DIMACS/CCICADA Student Workshop on Where the Mathematical and Computational Sciences Meet Society

April 8, 2011
DIMACS Center, CoRE Building, Rutgers University

Student Organizers:
Ed Chien, Rutgers University, (Math)
Bobby DeMarco, Rutgers University, (Math)
Brad Greening, Rutgers University, (Ecology)
Emilie Hogan, Rutgers University, (Math)
Scott Kulp, Rutgers University, (CS)
Matthew Oster, Rutgers University, (Operations Research)
Brian Thompson, Rutgers University, (CS)
Faculty Organizer:
Tami Carpenter, DIMACS
Presented under the auspices of The Homeland Security Center for Command, Control, and Interoperability Center for Advanced Data Analysis (CCICADA).


Panelist Bios

Clifford Behrens, Telcordia Technologies


Clifford Behrens is a Senior Scientist and Director of Information Analysis in Applied Research at Telcordia Technologies. After receiving his doctorate in mathematical anthropology from UCLA, he held a faculty position there, was a Visiting Scientist at IBM and a Visiting Investigator at NASA. He has managed research projects funded by NSF, NASA, DARPA, US Dept. of Education and In-Q-Tel. His research interests include computer and statistical modeling of social-cultural systems, integration of qualitative and quantitative data analysis, knowledge acquisition and ethnographic methods, models of expert opinion and group decision-making, information retrieval and classification, and geospatial analysis.

Patrice Perny, University Pierre and Marie Curie in Paris


Patrice Perny is a professor at University Pierre and Marie Curie in Paris, where he heads the Department of Decision, Intelligent Systems and Operational Research. His research is in Algorithmic Decision Theory and involves preference modeling, multicriteria optimization, and computational social choice, as well as decision making under uncertainty and risk. On the one hand, his work addresses elaboration and analysis of new models to describe or simulate complex decision making behaviors; on the other hand, it seeks algorithms that enable fast identification of preferred solutions in combinatorial decision problems. This works comes into play in both decision support systems (for human decision makers) and automatic decision making (by autonomous decision agents).

Rebecca Wright, Rutgers University


Rebecca Wright is a professor in the Computer Science Department and the Deputy Director of DIMACS at Rutgers.

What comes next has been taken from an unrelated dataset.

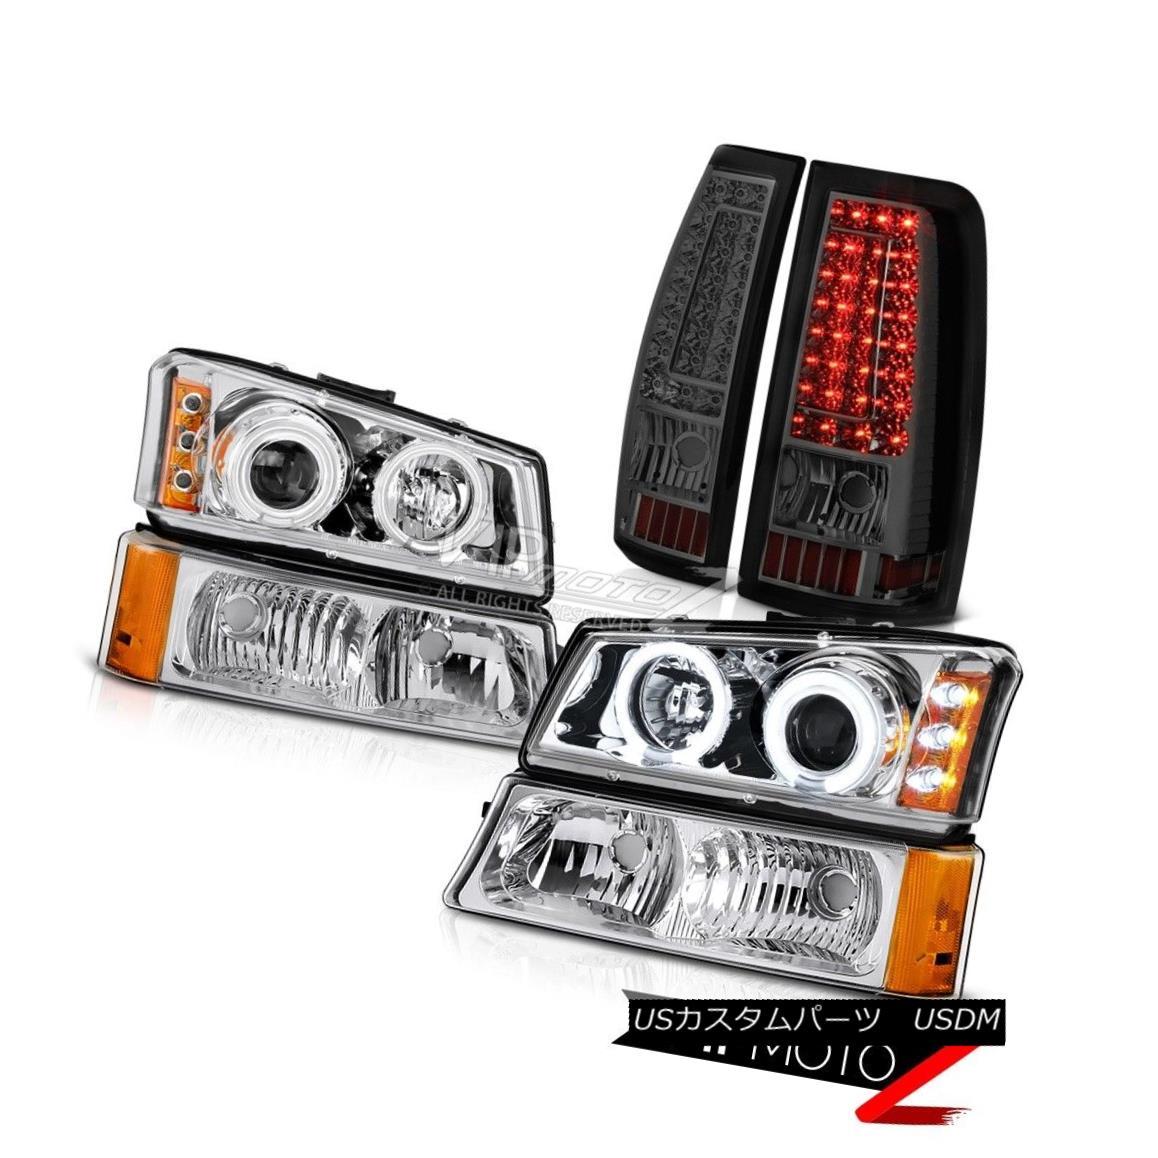 ヘッドライト 03-06 Silverado 3500Hd Chrome Signal Lamp Smoked Tail Brake Lights Headlights 03-06 Silverado 3500Hdクローム信号ランプスモークテールブレーキライトヘッドライト

Her research spans the area of information security, including cryptography, privacy, foundations of computer security, and fault-tolerant distributed computing, as well as foundations of networking. Prior to joining Rutgers, she was a professor in the Computer Science Department at Stevens Institute of Technology and a researcher in the Secure Systems Research Department at AT&T Labs and AT&T Bell Labs. She received a Ph.D. in Computer Science from Yale University, a B.A. from Columbia University, and an honorary M.E. from Stevens Institute of Technology.

Speakers Bios and Abstracts

Tami Carpenter, DIMACS, Rutgers


Tami Carpenter is a research professor at DIMACS. Her interests lie in the general areas of planning and optimization, and she is of the belief that her life needs more of both. Prior to joining Rutgers she was Senior Scientist and Director of Network Models and Algorithms Research at Telcordia Technologies. Her duties include acting as faculty coordinator for the CCICADA fellowship program, which enables her to live vicariously through the successes of her array of fellows. She received her Ph.D. in Operations Research from Princeton University, M.S. in Mathematics from Carnegie Mellon, and B.A. in Chemistry and Mathematics from University of North Carolina.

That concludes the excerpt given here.